De maneira geral, é isso que Otero constata: não só o agronegócio ganhou mais força. As corporações se tornaram donas do sistema alimentar. No plano interno, os Estados deixaram rolar fusões, aquisições, fechamentos. Olhando para os Estados Unidos, no setor de supermercados uma única empresa, o Walmart, controla um terço do mercado. Em cerveja, a Anheuser-Busch InBev fica com 46,4%. Pesticidas, sementes, soja, fast food: pouquíssimos controlam tudo.
A vanguarda do atraso
E todos estão ligados à biotecnologia, em maior ou menor grau. Para Otero, essa fé na manipulação genética como solução para os problemas alimentares é um vetor central – e inabalável – da ideologia neoliberal. Ele vê nos transgênicos a continuidade do paradigma agrícola “moderno”, que enxerga na agricultura familiar um atraso.

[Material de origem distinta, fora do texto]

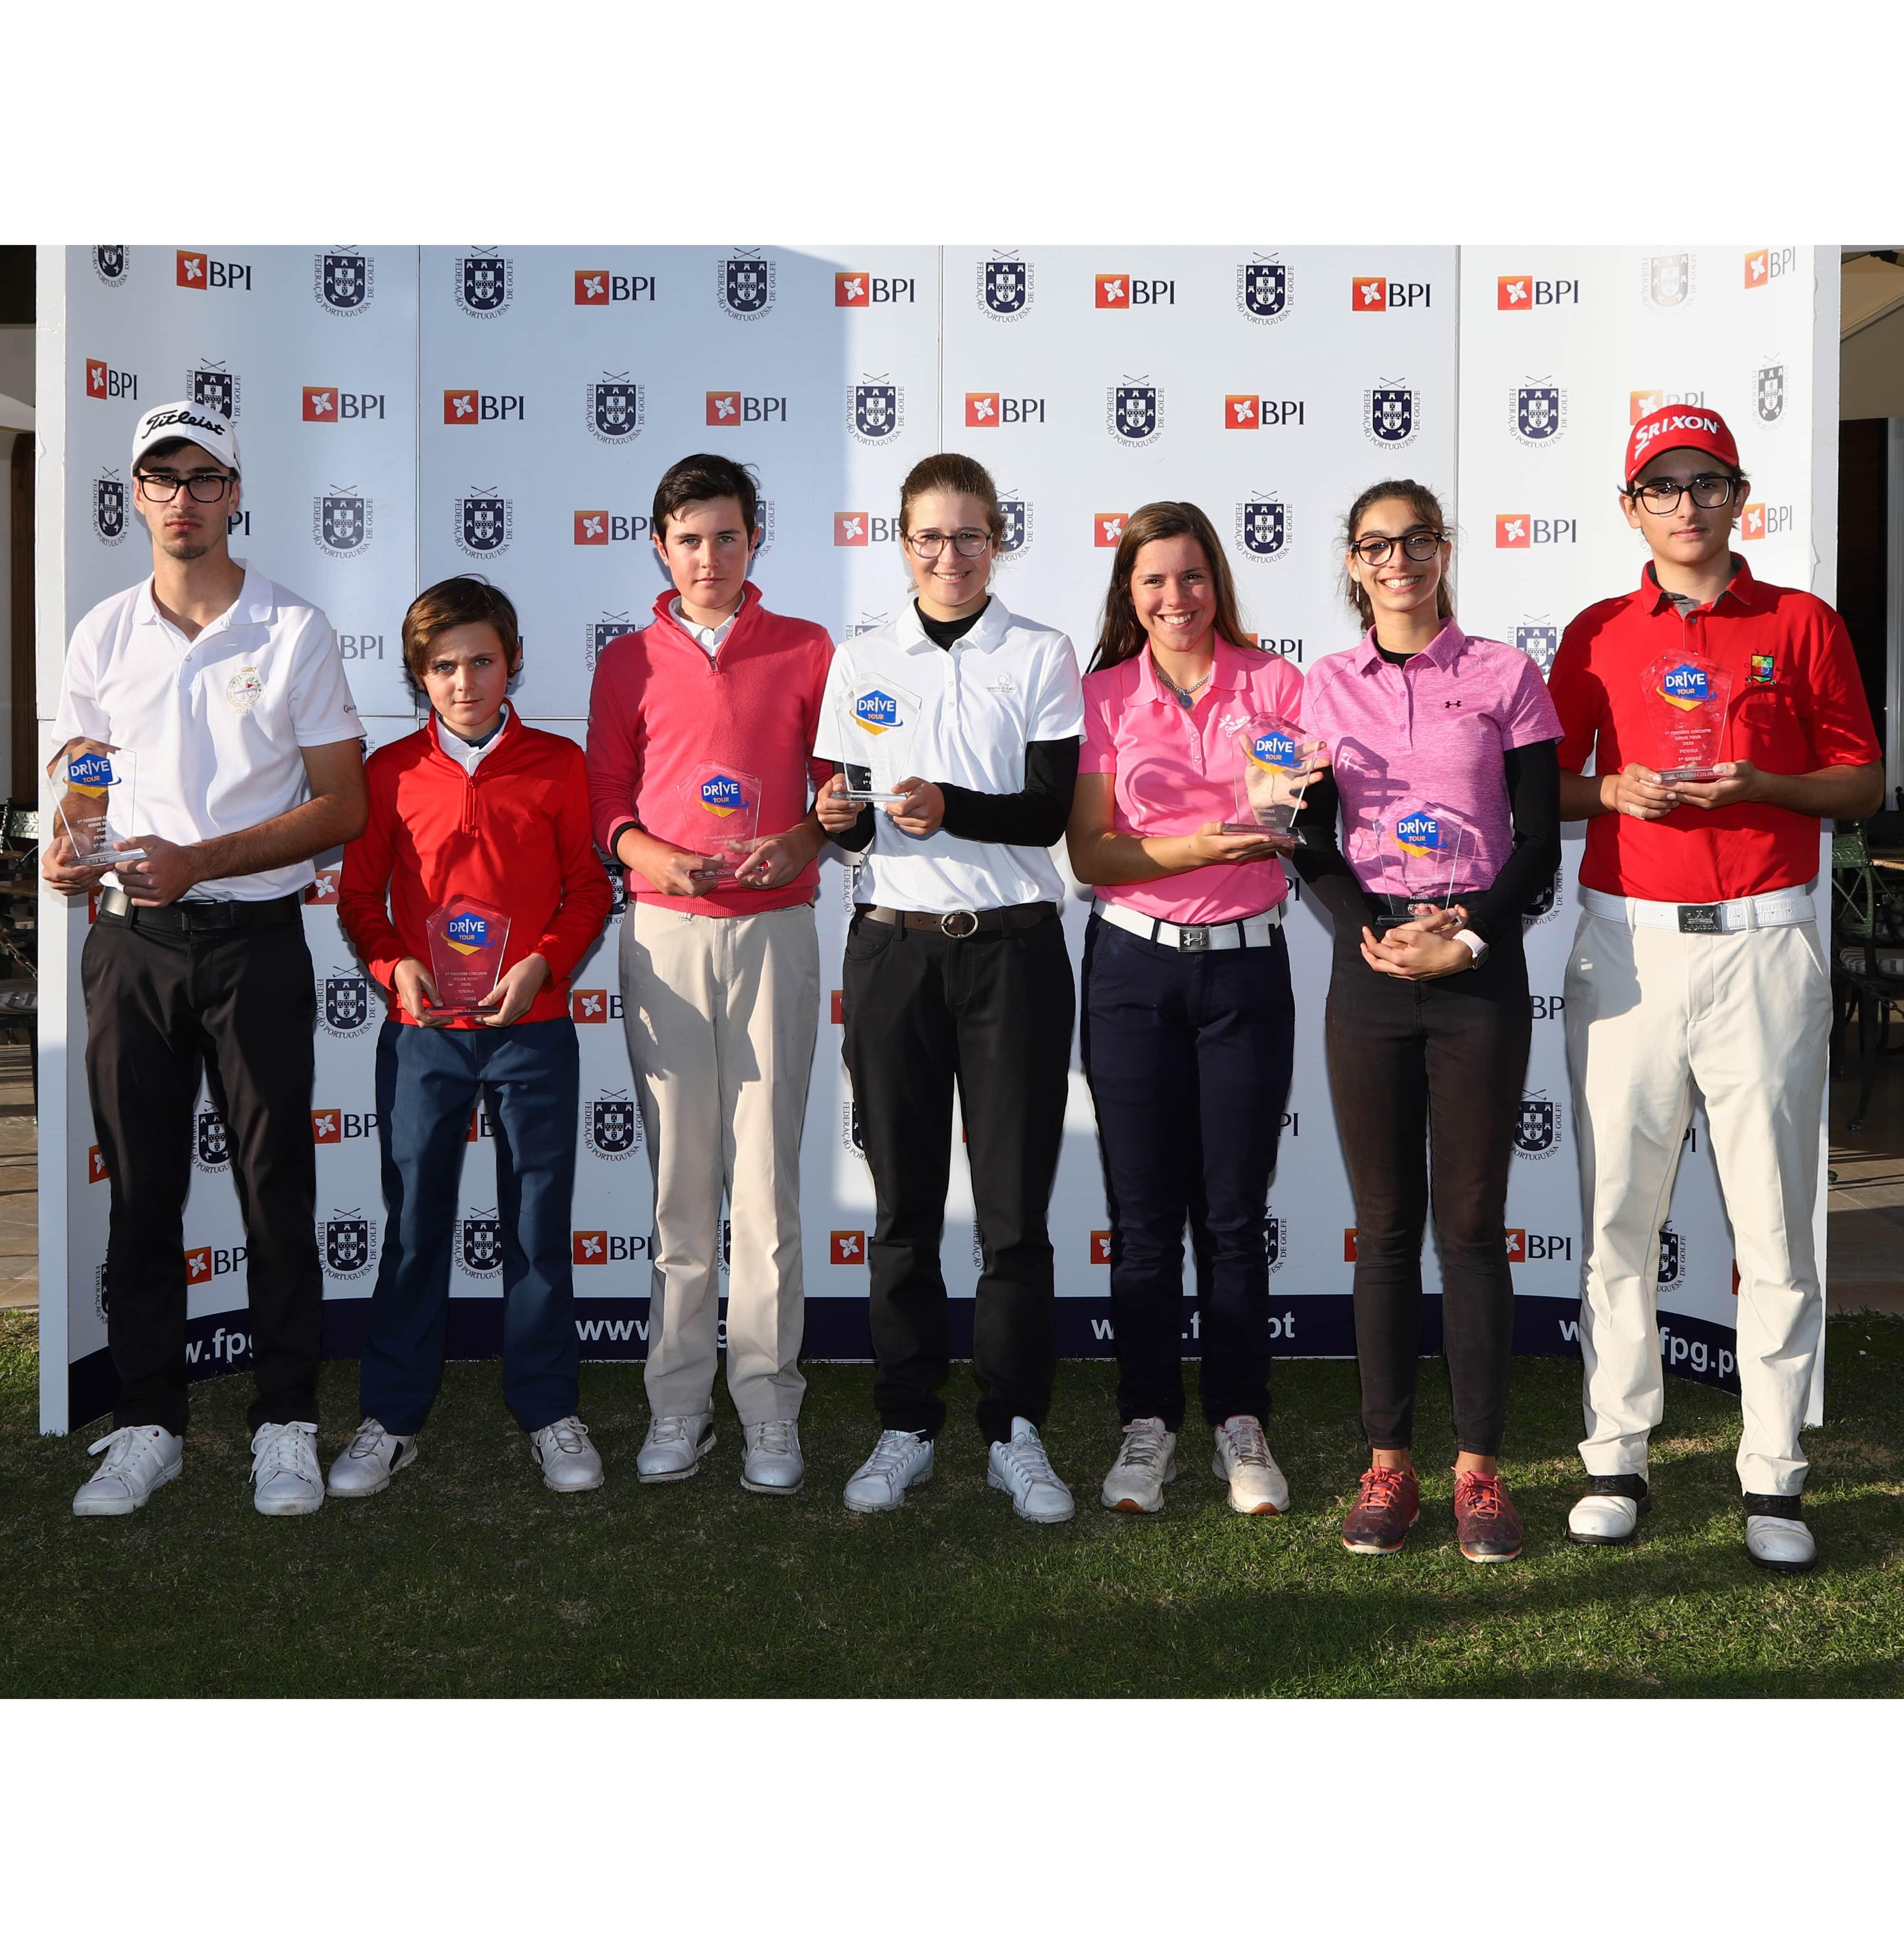 1.º Torneio Drive Tour – Campeonato Nacional de Jovens – Três play-offs no arranque da época nacional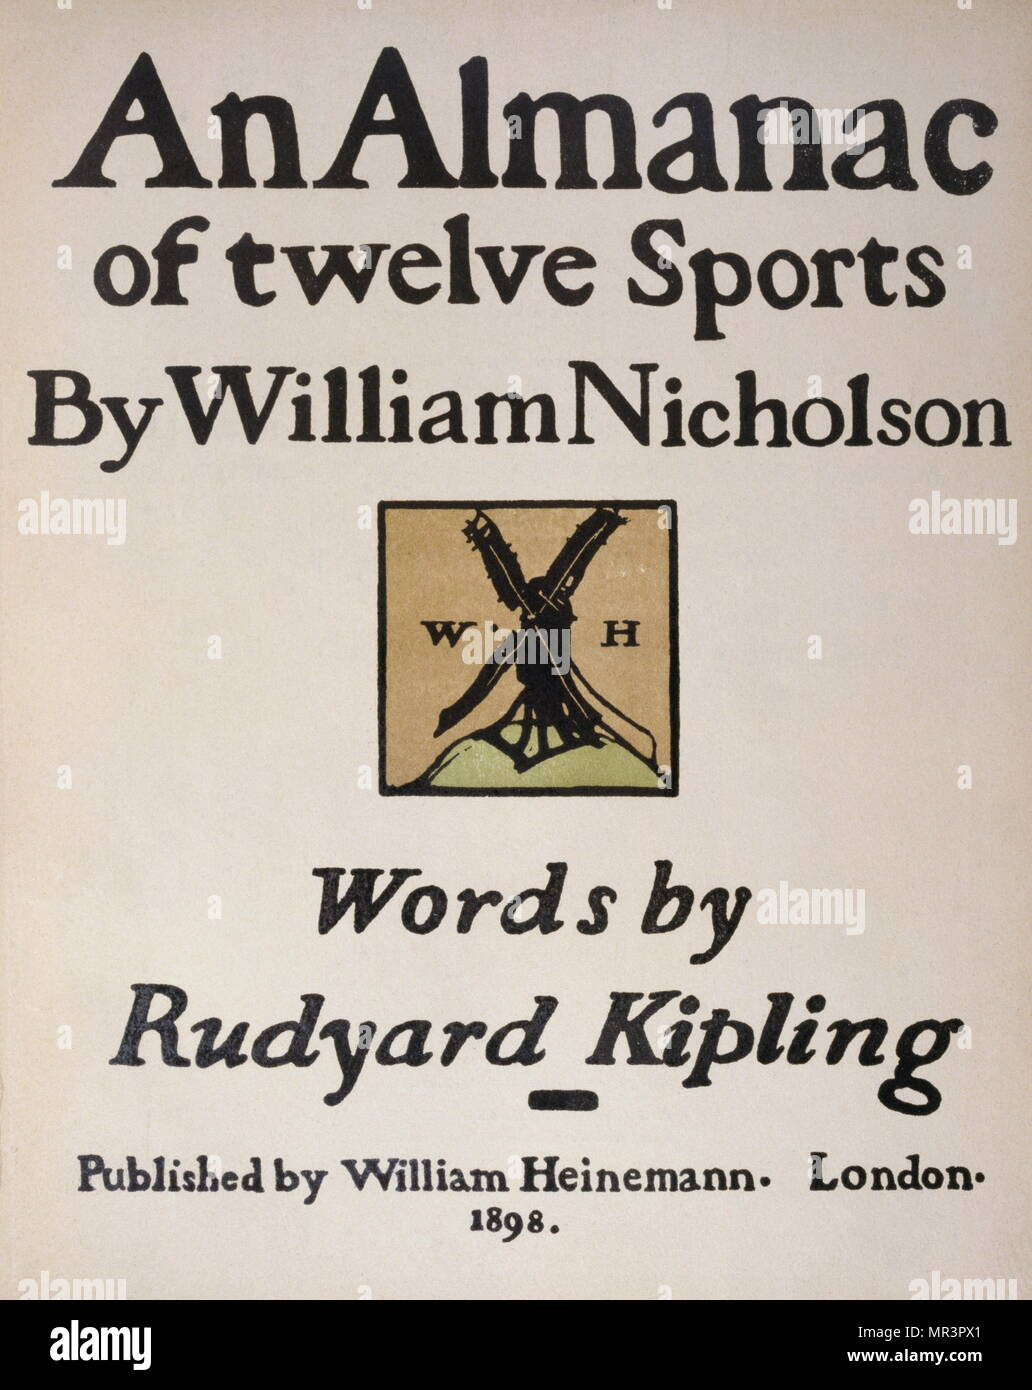 dca47dd0f Titolo pagina del Almanacco dei dodici sport, 1898, da Rudyard Kipling,  illustrata da Sir William Nicholson (1872 - 1949), pittore inglese,  conosciuto per ...

Nesse sentido, o terceiro regime alimentar é marcado pela tensão entre soberania e globalização corporativa. Quanto mais essa avança, pior para nós, na interpretação de Otero. É aqui que ele oferece um dos cruzamentos de dados mais potentes do livro. Ele apresenta como a OMC foi ativa na campanha pela derrubada das fronteiras nacionais alegando, centralmente, que esse era um passo necessário para garantir alimentos de qualidade para o mundo todo.
Enquanto os Estados menos poderosos abriram as fronteiras, os países ricos mantiveram pesados subsídios sobre a produção agrícola. Esse processo deixou os agricultores familiares obrigados a competir numa situação de absoluta desigualdade, e sob parâmetros muito diferentes: enquanto um sistema está voltado à produtividade acima de tudo, o outro observa questões como qualidade, adaptação ao clima local e consumo próximo ao local de produção.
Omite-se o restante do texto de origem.